About this exercise
Since the pictures are not wanted, retype the listing below exactly and without them.
Exercise data Start Marker
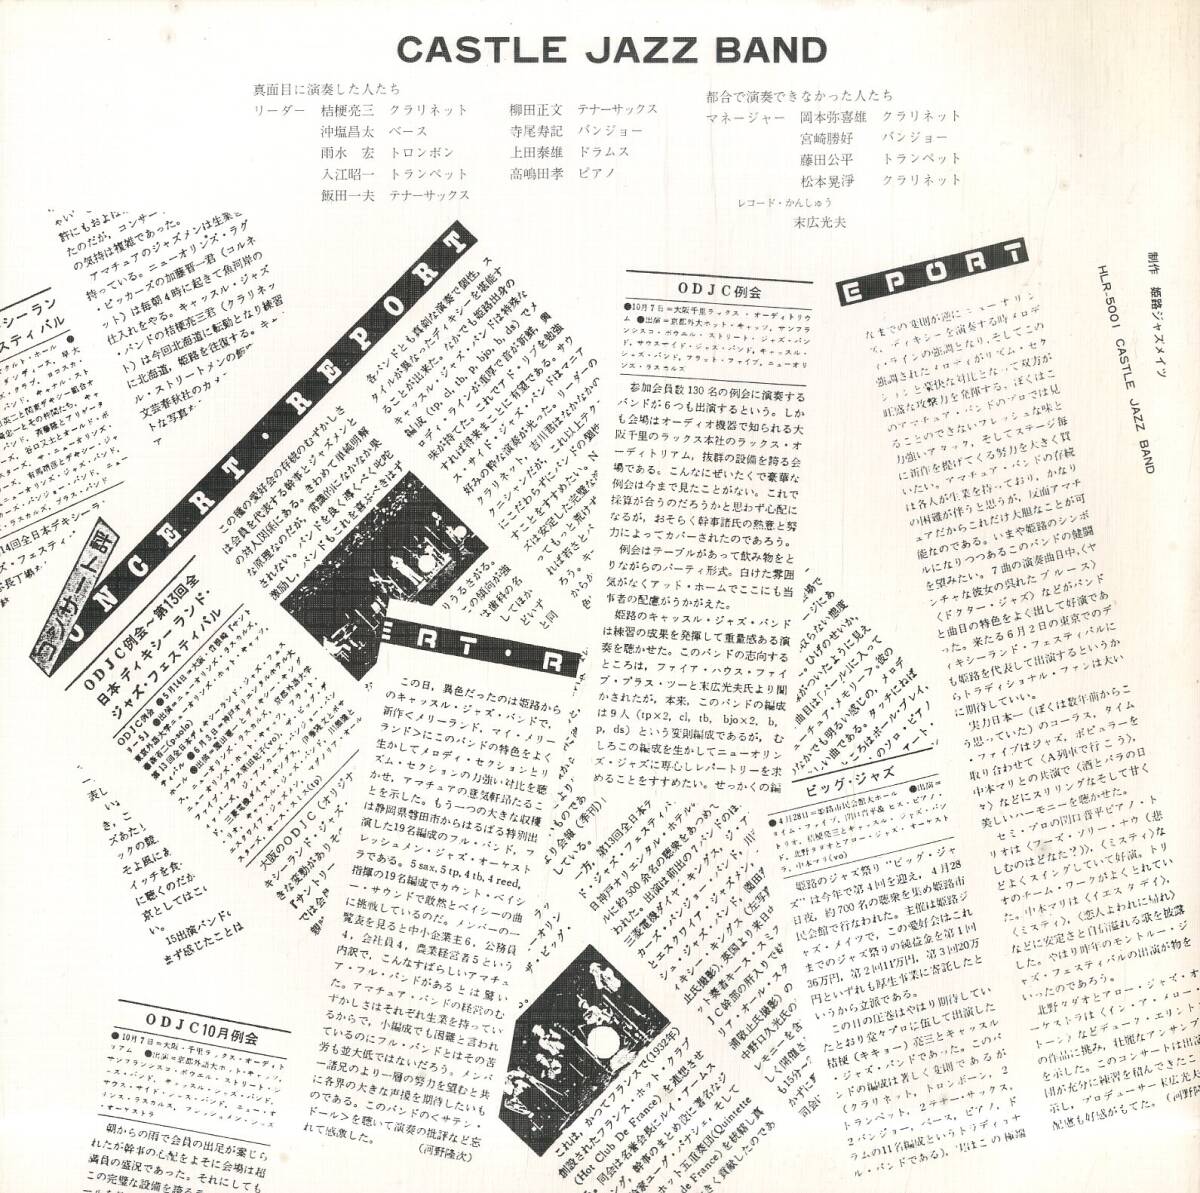 A00574944/LP/キャッスル・ジャズ・バンド(桔梗亮三)「Castle Jazz Band (1979年・HLR-5001・ディキシーランドJAZZ)」_画像2
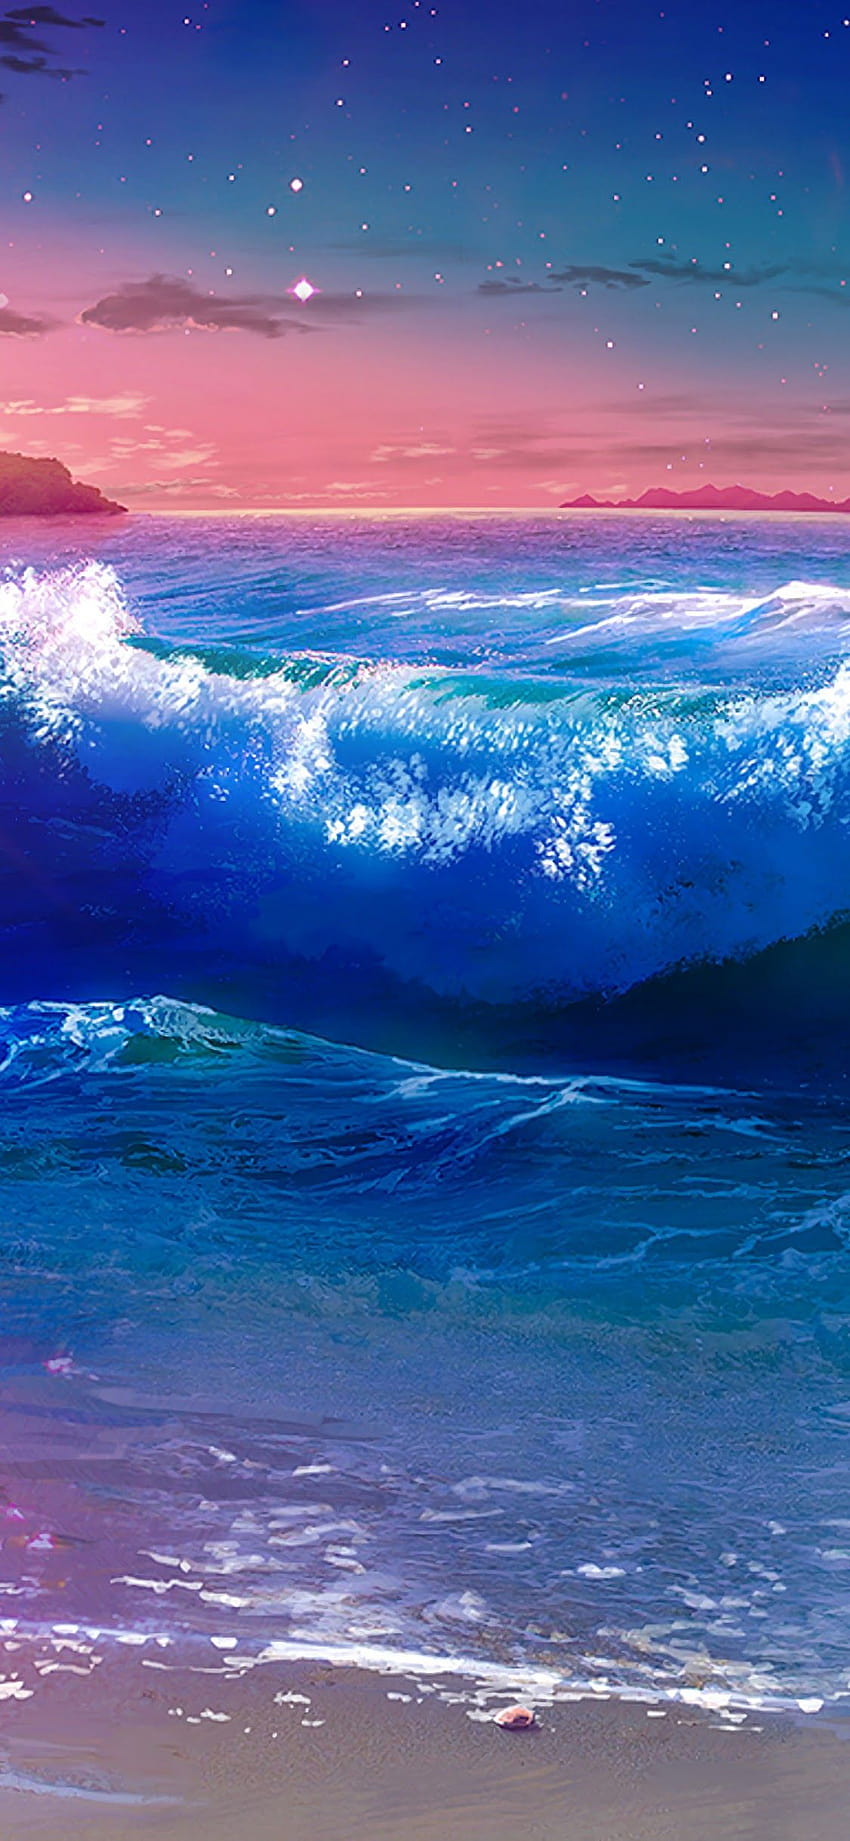 Bạn là fan của Anime và yêu thích cảnh biển hoàng hôn? Hãy xem ngay bộ ảnh hình nền Anime bãi biển hoàng hôn với sóng biển cho iPhone. Với những bức ảnh tuyệt đẹp, bạn sẽ cảm nhận được sự tĩnh lặng, bình yên và tuyệt đẹp của bãi biển. Tải ngay để trải nghiệm. 
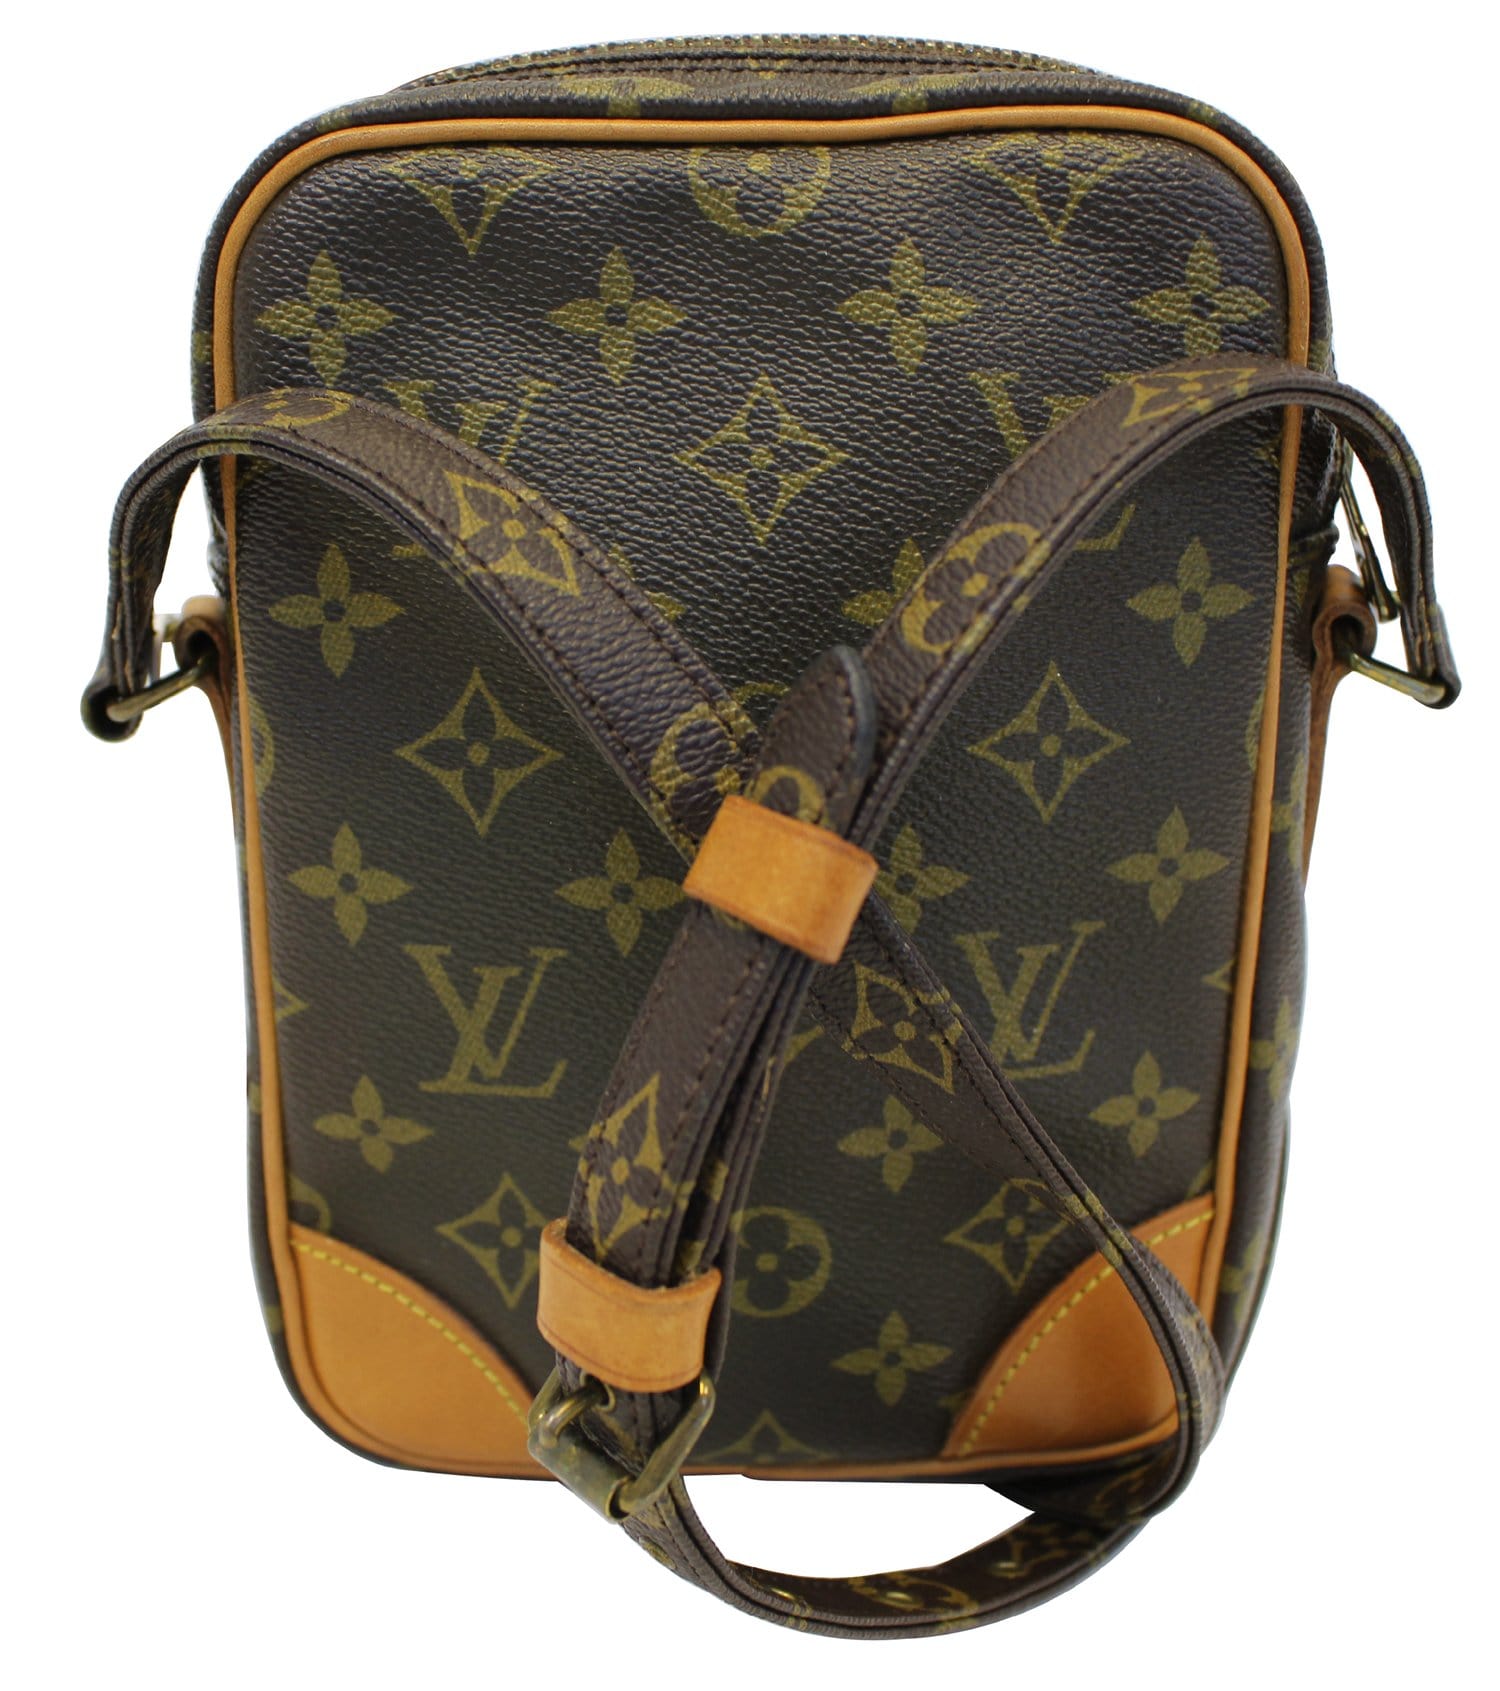 Louis Vuitton e Crossbody Bag in Monogram Canvas
Exercise data End Marker
Response for this exercise
 A00574944/LP/キャッスル・ジャズ・バンド(桔梗亮三)「Castle Jazz Band (1979年・HLR-5001・ディキシーランドJAZZ)」_画像2
 Bạn là fan của Anime và yêu thích cảnh biển hoàng hôn? Hãy xem ngay bộ ảnh hình nền Anime bãi biển hoàng hôn với sóng biển cho iPhone. Với những bức ảnh tuyệt đẹp, bạn sẽ cảm nhận được sự tĩnh lặng, bình yên và tuyệt đẹp của bãi biển. Tải ngay để trải nghiệm. 
 Louis Vuitton e Crossbody Bag in Monogram Canvas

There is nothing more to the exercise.